A dazzling West Virginian who was the first American woman to win the Nobel Prize for literature ( 1938), who also won a Pulitzer Prize in 1932,---Pearl S. Buck; is among the premier West Virginia women writers to be honored at 1:30 p.m. Tuesday, January 29 by the American Women Writers National Museum (AWWNM) in Washington, D.C.
"West Virginia's former Poet Laureate, the late Irene McKinney, West Virginia Music Hall of Fame honoree Hazel Dickens, and American Book Award winner, novelist Denise Giardina will be showcased along with Pearl Buck," said Janice Law, AWWNM founder.
The celebration, jointly-hosted by West Virginia Center for the Book, West Virginia Library Commission, and West Virginia Humanities Council in Charleston, will be in the McLendon room of the National Press Club, 529 14th St. NW, 20045. It is part of AWWNM's 50-stae Project to monthly honor four premier women writers from each state.
"These brilliant women are only a few of the mega-talented American women literati with West Virginia ties", said Susan Hayden, director of the WVa Center for the Book, an affiliate of the CFB in the Library of Congress.

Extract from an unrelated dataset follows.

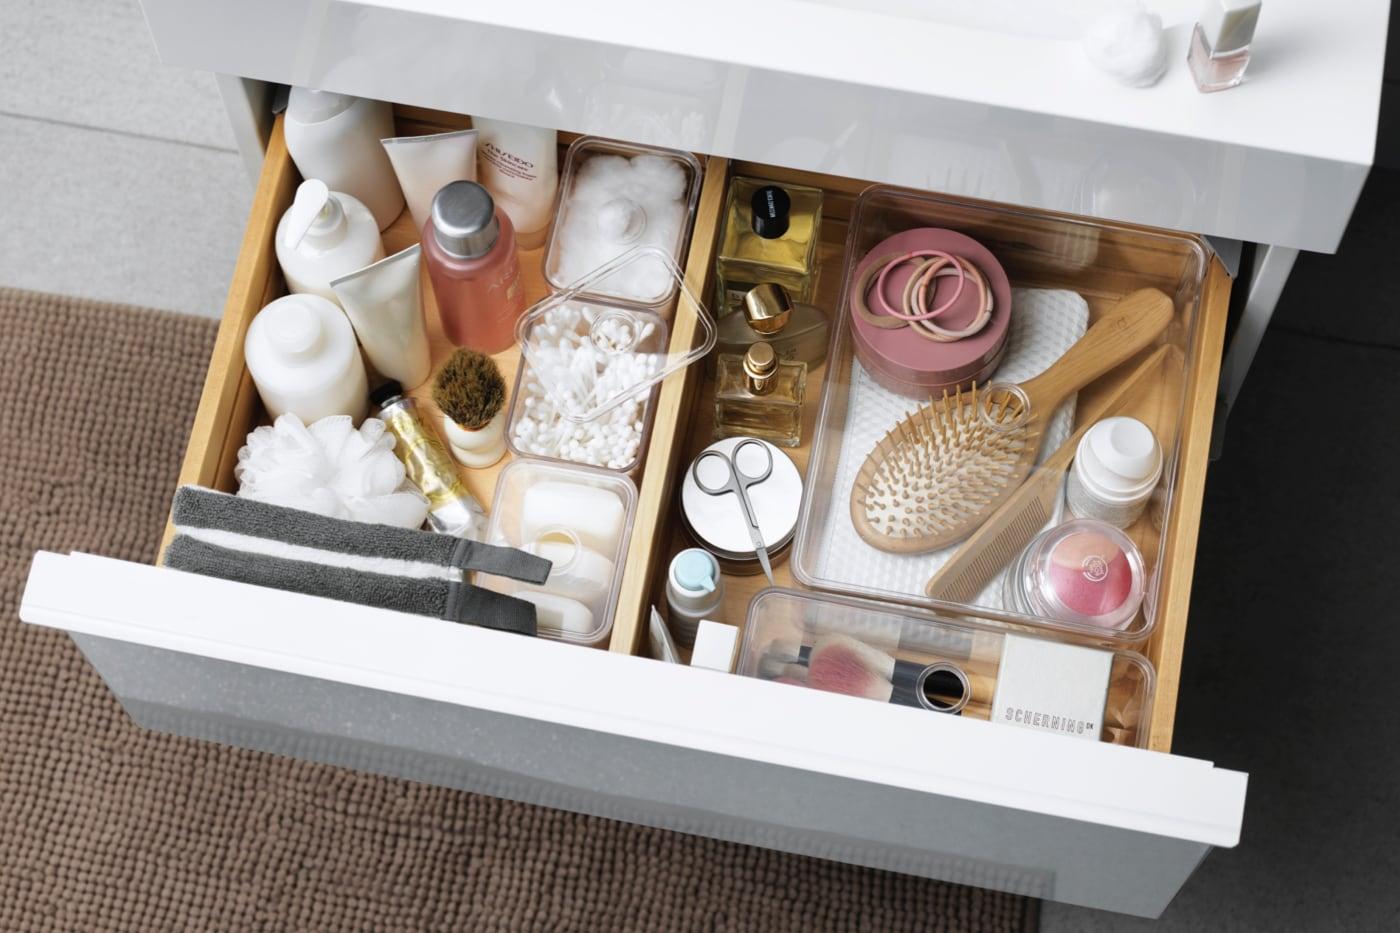 Ratgeber Aufbewahrungstricks für jede Badgröße   IKEA Deutschland

A poster featuring women writers from West Virginia, Wisconsin, Wyoming and Washington state, will be featured during January, remaining permanently on the AWWNM website, as part of AWWNM's 50-state Project to monthly honor in D.C., top-tier women writers from four states.
The AWWNM 50-state event will be held following AWWNM's January 29 noon-1:15 panel of Latina Poets.
All AWWM programs are free and open to the public.